The present invention relates to a connecting and deflecting element for tension members in a pneumatic structural element according to the preamble of Patent Claim 1.
In the case of pneumatic structural elements, for example according to WO 01/73245, the tensile loads which occur are transmitted to the pneumatic structural element from a joint element by tension members. At least two tension members are to be provided here, these, starting from the two joint elements of the pneumatic structural element, being positioned in opposite helical directions around the pneumatic structural element and being pulled tight. In the case of two tension members, these cross one another at one location; if, however, four tension members are provided, then, depending on the configuration of the wraparound angles and the number of joints provided, at least three crossover locations are possible.
The positions of the abovementioned crossover locations are mathematically easy to determine. Technical compliance with the mathematical prediction, however, depends, not least, on the care taken in the manual work carried out when constructing and setting up such a pneumatic structural element. In addition, in particular when the tension members are configured as steel cables, the crossover locations are the cause of defects in the form of the outer skin of the pneumatic structural element.
The object of the present invention is to provide a connecting and deflecting element of the abovementioned type which makes it possible to overcome the cited disadvantages and which, moreover, can be produced cost-effectively as a mass-produced item.
The solution to the set object is represented, in respect of its fundamental features, in the characterizing part of Patent Claim 1 and, in respect of further advantageous embodiments, in the subsequent patent claims.

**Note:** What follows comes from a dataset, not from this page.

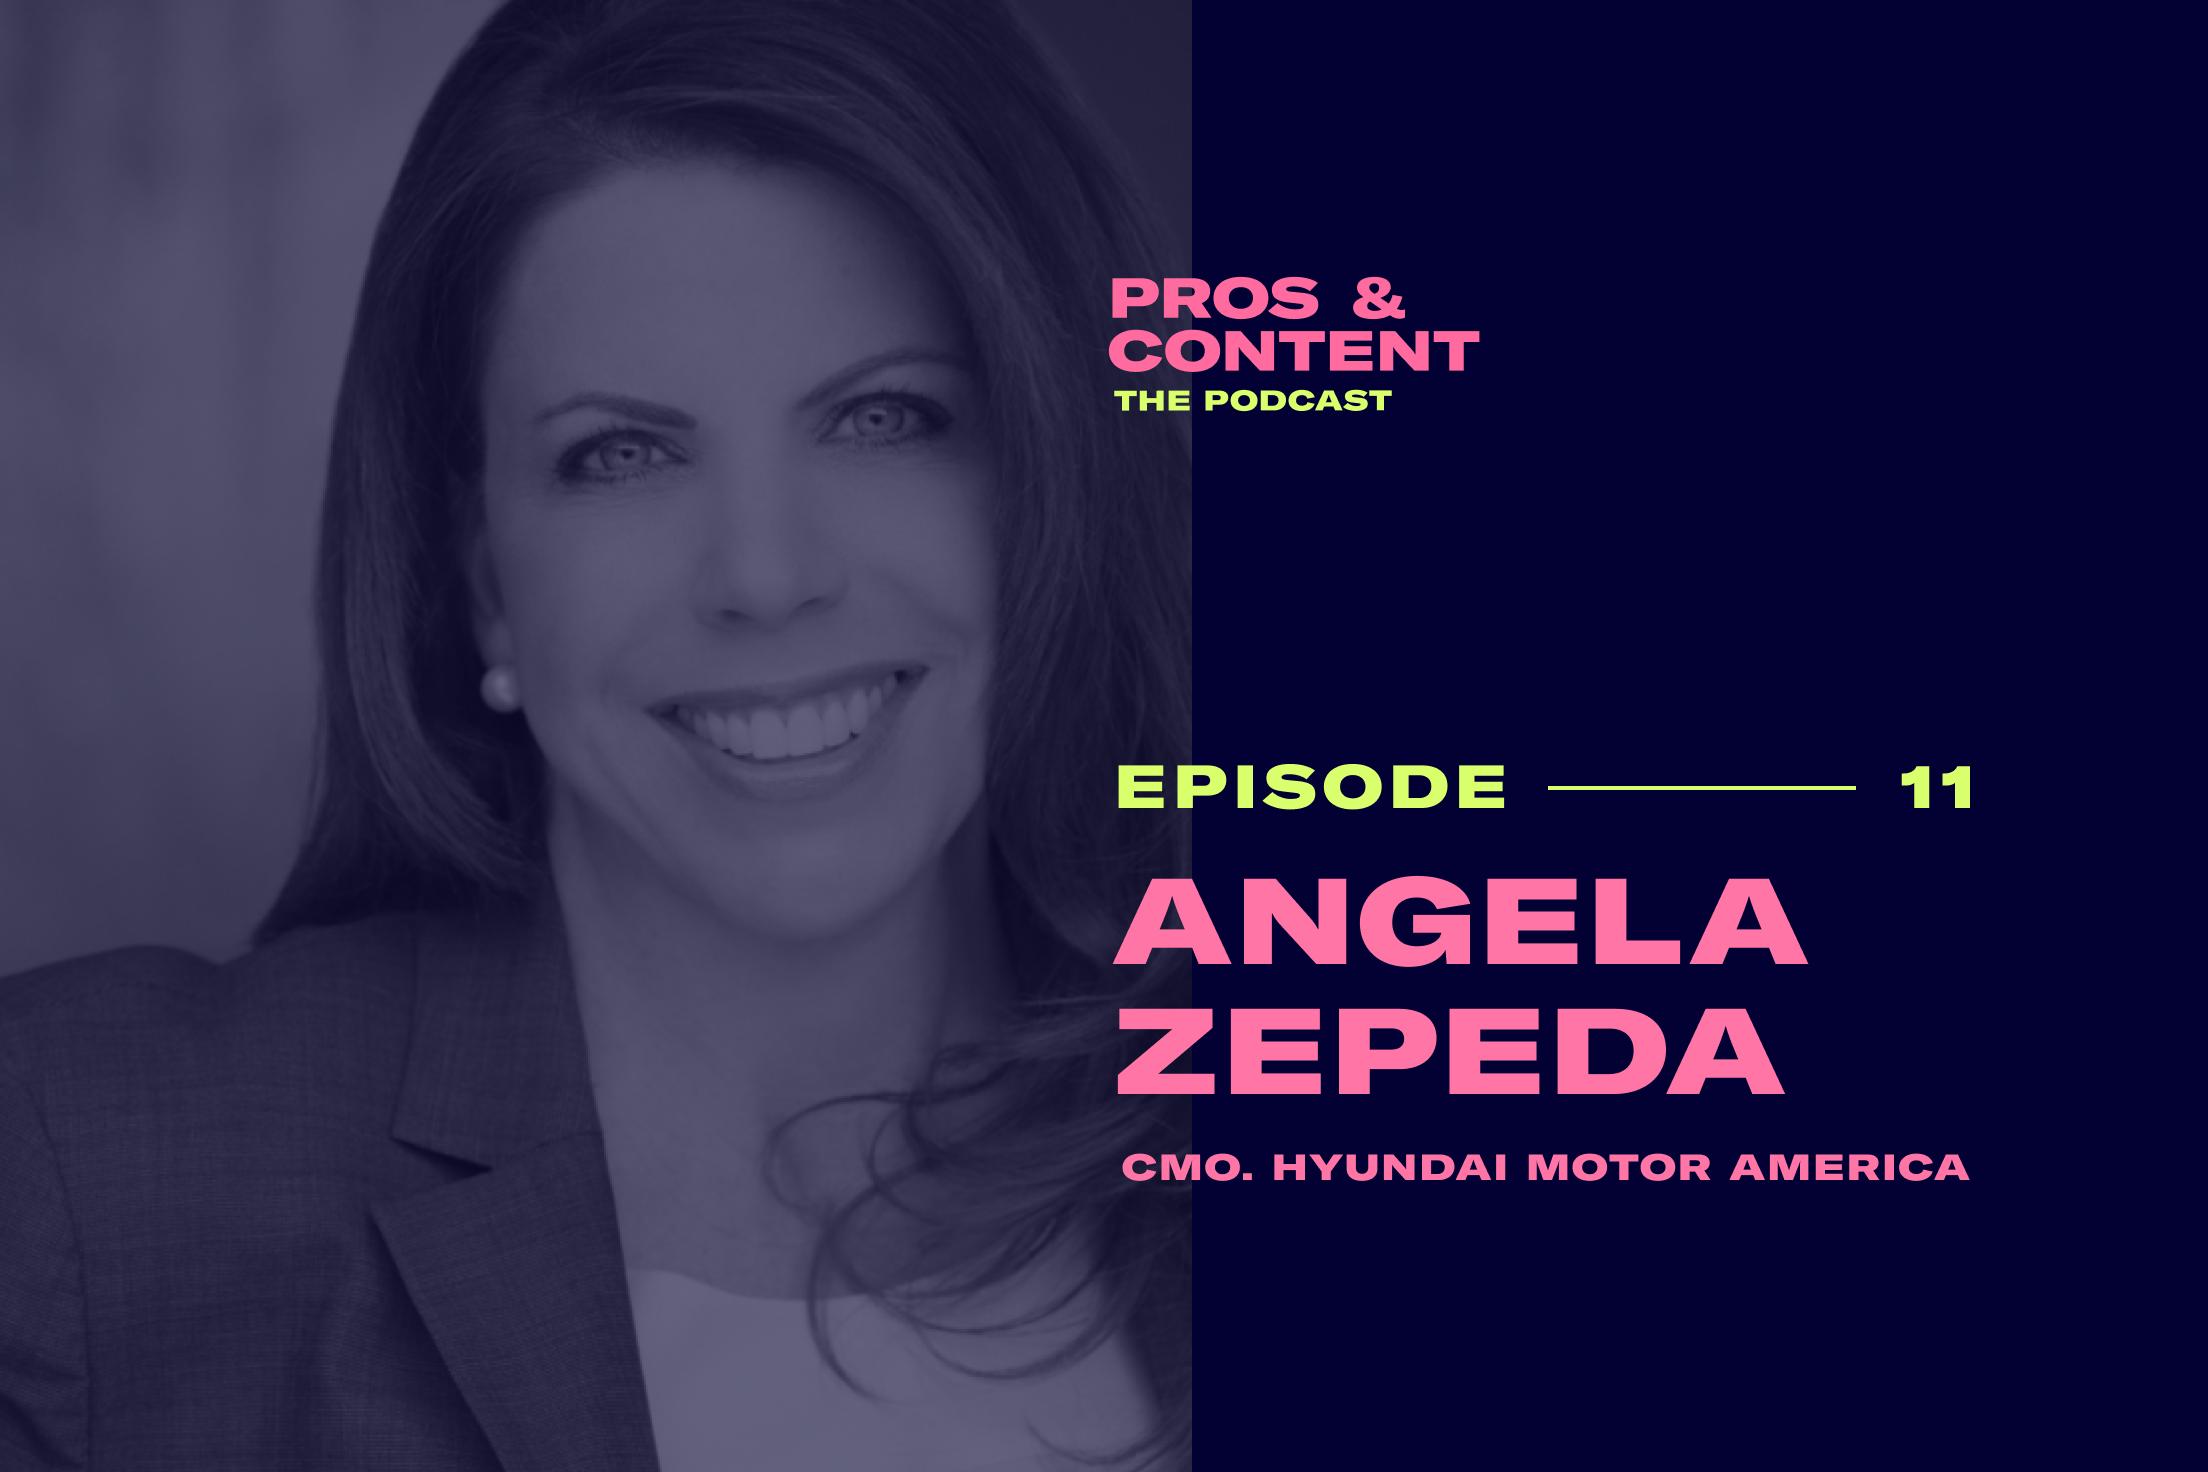 Pros & Content Podcast: Angela Zepeda (CMO of Hyundai Motor America)
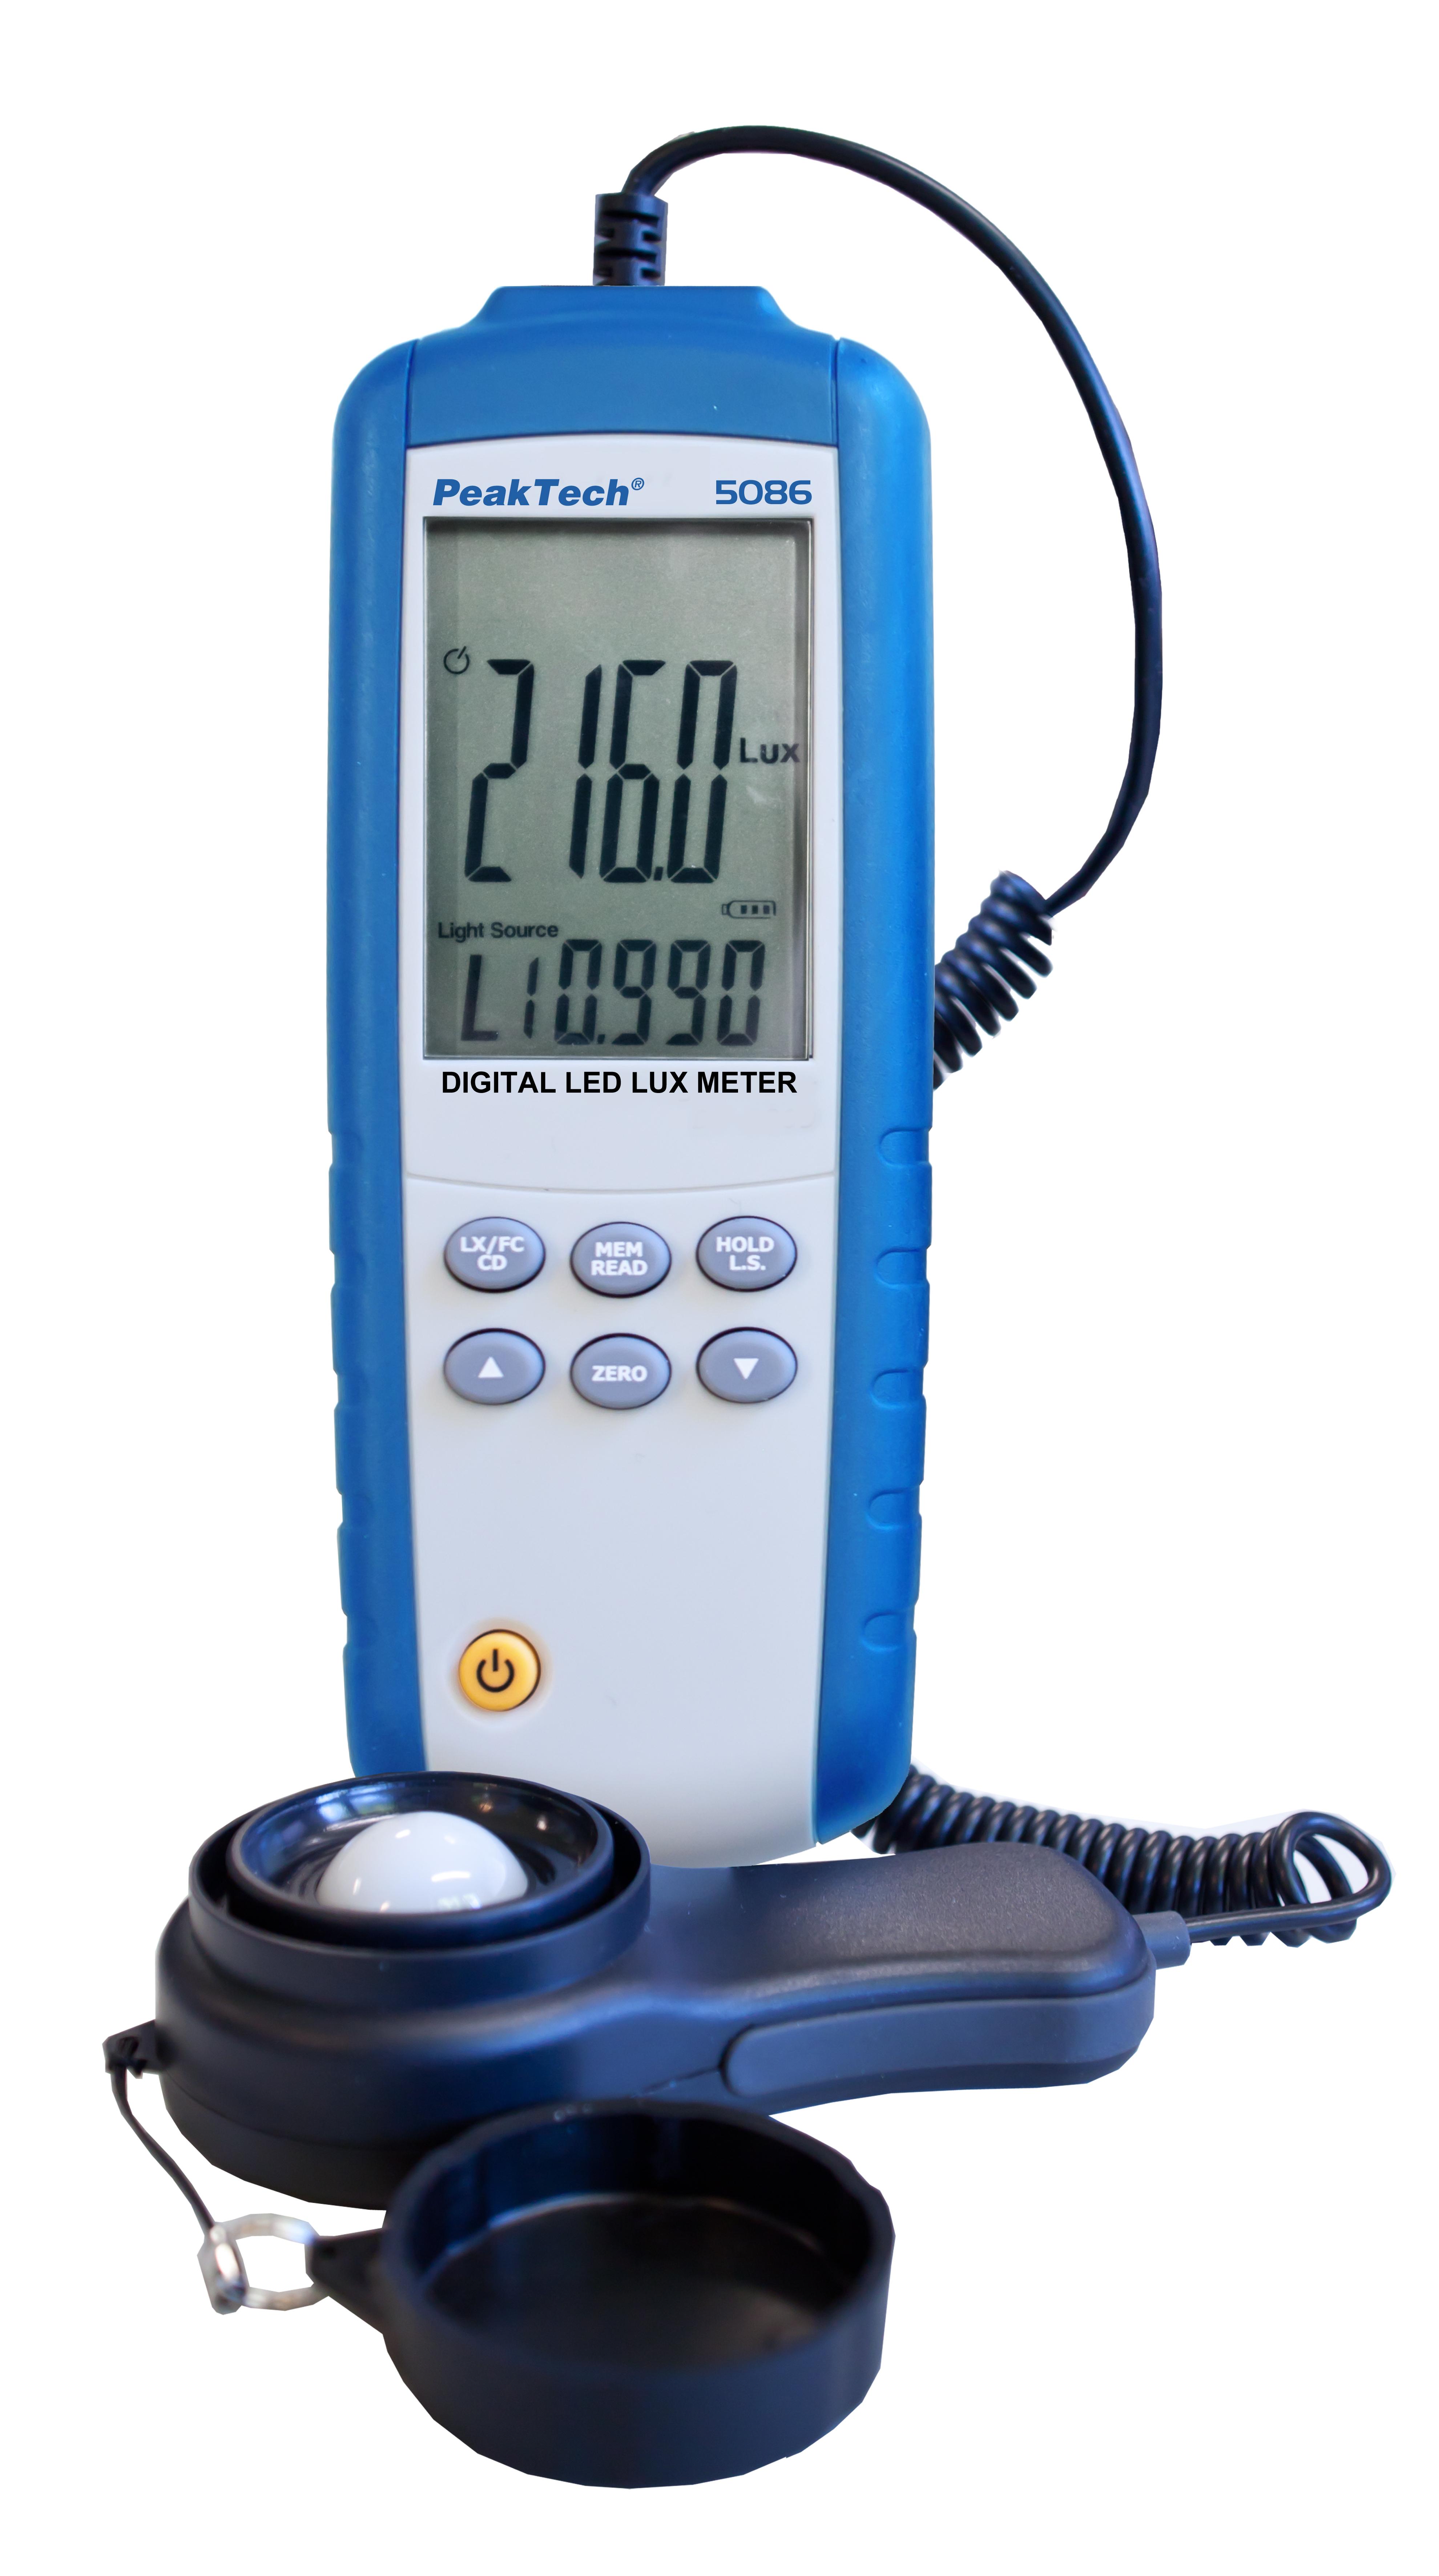 «PeakTech® P 5086» Digital LED Lux Meter, 3 3/4-digit

The subject-matter of the invention with a number of exemplary embodiments and variants thereof will be explained in more detail with reference to the attached drawing, in which:
FIG. 1 shows a pneumatic structural element according to the prior art,
FIG. 2 shows a first exemplary embodiment of a connecting and deflecting element,
FIG. 3 shows an isometric illustration of the first exemplary embodiment of a connecting and deflecting element,
FIG. 4 shows a cross section of the first exemplary embodiment,
FIG. 5 shows an isometric illustration of a second exemplary embodiment of a connecting and deflecting element,
FIG. 6 shows a cross section of the second exemplary embodiment,
FIG. 7 shows a cross section of a variant of the second exemplary embodiment,
FIG. 8 shows a third exemplary embodiment,
FIG. 9 shows a scheme for producing variants of the three exemplary embodiments,
FIG. 10 shows an isometric illustration of a first variant of the second exemplary embodiment,
FIG. 11 shows an isometric illustration of a variant of the first exemplary embodiment,
FIG. 12 shows an isometric illustration of a second variant of the second exemplary embodiment, and
FIG. 13 shows a cross section of the second variant of the second exemplary embodiment.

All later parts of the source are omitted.